這是卡桑德拉版本Apache的卡桑德拉-2.2.0

編輯：

CREATE TABLE row_historical_game_outcome_data (
    customer_id int, 
    game_id int, 
    time timestamp, 
    channel text, 
    currency_code text, 
    game_code text, 
    game_name text, 
    game_type text, 
    game_vendor text, 
    progressive_winnings double, 
    stake_amount double, 
    win_amount double, 
    PRIMARY KEY ((customer_id, game_id, time)) 
) WITH bloom_filter_fp_chance = 0.01 
    AND caching = '{"keys":"ALL", "rows_per_partition":"NONE"}' 
    AND comment = '' 
    AND compaction = {'class': 'org.apache.cassandra.db.compaction.SizeTieredCompactionStrategy'} 
    AND compression = {'sstable_compression': 'org.apache.cassandra.io.compress.LZ4Compressor'} 
    AND dclocal_read_repair_chance = 0.1 
    AND default_time_to_live = 0 
    AND gc_grace_seconds = 864000 
    AND max_index_interval = 2048 
    AND memtable_flush_period_in_ms = 0 
    AND min_index_interval = 128 
    AND read_repair_chance = 0.0 
    AND speculative_retry = '99.0PERCENTILE';

我也嘗試了以下建議uri2x

，但仍然沒有：

select * from row_historical_game_outcome_data; 

customer_id | game_id | time | channel | currency_code | game_code | game_name | game_type | game_vendor | progressive_winnings | stake_amount | win_amount 
-------------+---------+------+---------+---------------+-----------+-----------+-----------+-------------+----------------------+--------------+------------ 

(0 rows) 
cqlsh:recommendation_engine> COPY row_historical_game_outcome_data ("game_vendor","game_id","game_code","game_name","game_type","channel","customer_id","stake_amount","win_amount","currency_code","time","progressive_winnings") FROM '/home/adelin/workspace/docs/re_raw_data2.csv' WITH DELIMITER='|'; 

2 rows imported in 0.192 seconds. 
cqlsh:recommendation_engine> select * from row_historical_game_outcome_data; 

customer_id | game_id | time | channel | currency_code | game_code | game_name | game_type | game_vendor | progressive_winnings | stake_amount | win_amount 
-------------+---------+------+---------+---------------+-----------+-----------+-----------+-------------+----------------------+--------------+------------ 

(0 rows)

來源

2015-08-28 Adelin

你能告訴我們你的'DESCRIBE TABLE嗎？ – uri2x

你在這裏我已經添加了表格說明。 – Adelin

似乎您的列順序與CSV文件中的列順序不同（第一列不是int，第三列不是日期等）。

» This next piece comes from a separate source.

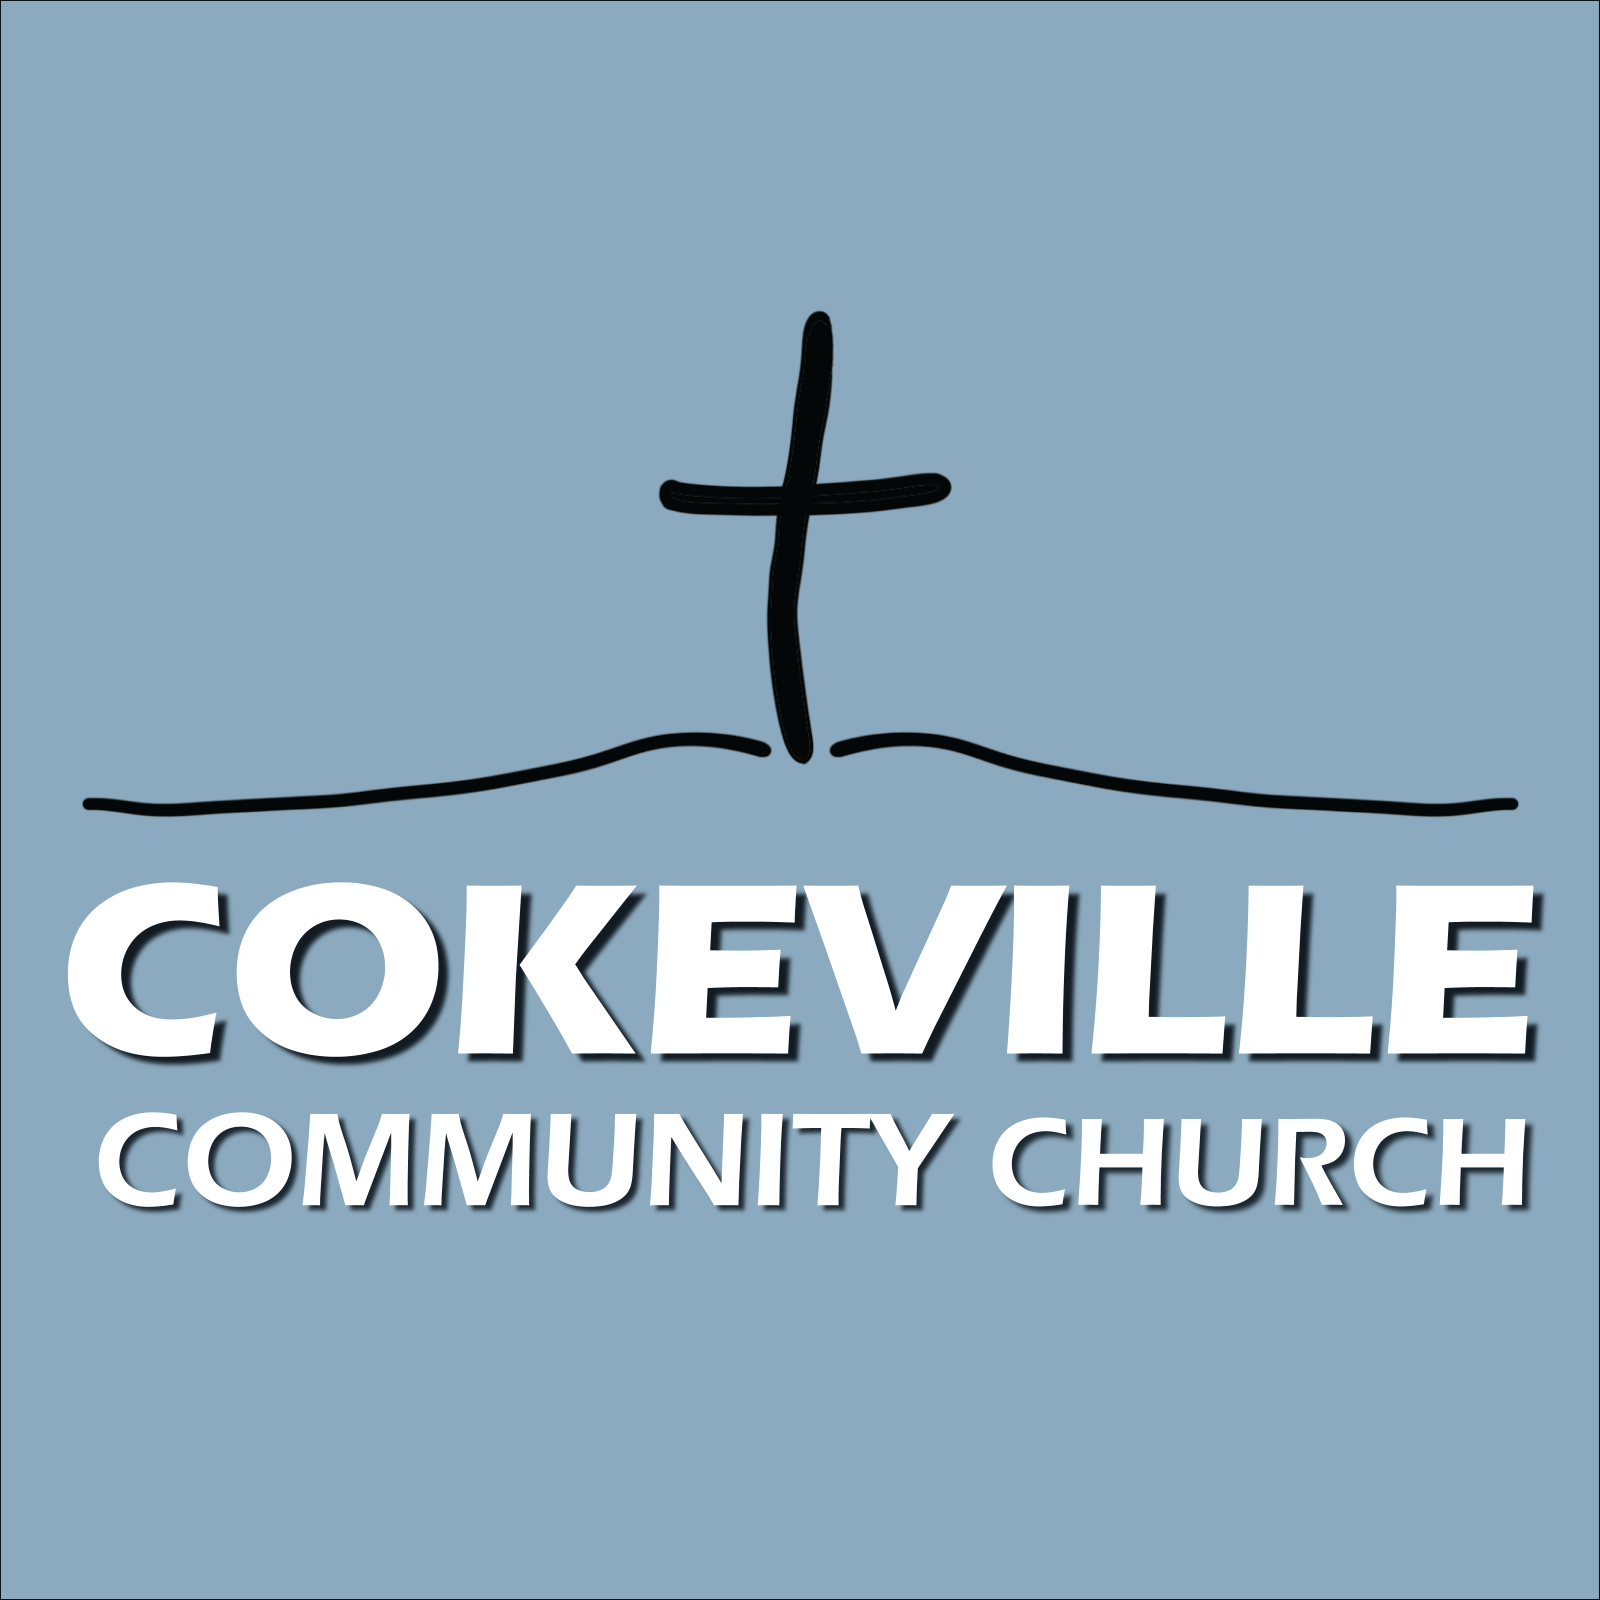 Cokeville Community Church

嘗試使用COPY列名稱來匹配CSV文件的順序。 – uri2x

好吧，我不得不改變一些事情對你的數據文件，使這項工作：

SomeName|673|SomeName|SomeName|TYPE|M|123123|0.20000000000000001|0.0|GBP|2015-07-01 00:01:42|0.0 
SomeName|673|SomeName|SomeName|TYPE|M|456456|0.20000000000000001|0.0|GBP|2015-07-01 00:01:42|0.0

刪除了尾隨管。
截斷時間縮短到秒。
刪除所有單引號。

一旦我做到了，然後我執行：

[email protected]:stackoverflow> COPY row_historical_game_outcome_data 
(game_vendor,game_id,game_code,game_name,game_type,channel,customer_id,stake_amount, 
win_amount,currency_code , time , progressive_winnings) 
FROM '/home/aploetz/cassandra_stack/re_raw_data3.csv' WITH DELIMITER='|'; 

Improper COPY command.

這一個是有點棘手。我終於明白COPY不喜歡列名time。我調整了表使用的名稱，而不是game_time，並重新跑COPY：

[email protected]:stackoverflow> DROP TABLE row_historical_game_outcome_data ; 
[email protected]:stackoverflow> CREATE TABLE row_historical_game_outcome_data (
      ...  customer_id int, 
      ...  game_id int, 
      ...  game_time timestamp, 
      ...  channel text, 
      ...  currency_code text, 
      ...  game_code text, 
      ...  game_name text, 
      ...  game_type text, 
      ...  game_vendor text, 
      ...  progressive_winnings double, 
      ...  stake_amount double, 
      ...  win_amount double, 
      ...  PRIMARY KEY ((customer_id, game_id, game_time)) 
      ...); 

[email protected]:stackoverflow> COPY row_historical_game_outcome_data 
(game_vendor,game_id,game_code,game_name,game_type,channel,customer_id,stake_amount, 
win_amount,currency_code , game_time , progressive_winnings) 
FROM '/home/aploetz/cassandra_stack/re_raw_data3.csv' WITH DELIMITER='|'; 

3 rows imported in 0.738 seconds. 
[email protected]:stackoverflow> SELECT * FROM row_historical_game_outcome_data ; 

customer_id | game_id | game_time    | channel | currency_code | game_code | game_name | game_type | game_vendor | progressive_winnings | stake_amount | win_amount 
-------------+---------+--------------------------+---------+---------------+-----------+-----------+-----------+-------------+----------------------+--------------+------------ 
     123123 |  673 | 2015-07-01 00:01:42-0500 |  M |   GBP | SomeName | SomeName |  TYPE | SomeName |     0 |   0.2 |   0 
     456456 |  673 | 2015-07-01 00:01:42-0500 |  M |   GBP | SomeName | SomeName |  TYPE | SomeName |     0 |   0.2 |   0 

(2 rows)

我不知道爲什麼它說：「3行進口，」所以我的猜測是，它是計數標題行。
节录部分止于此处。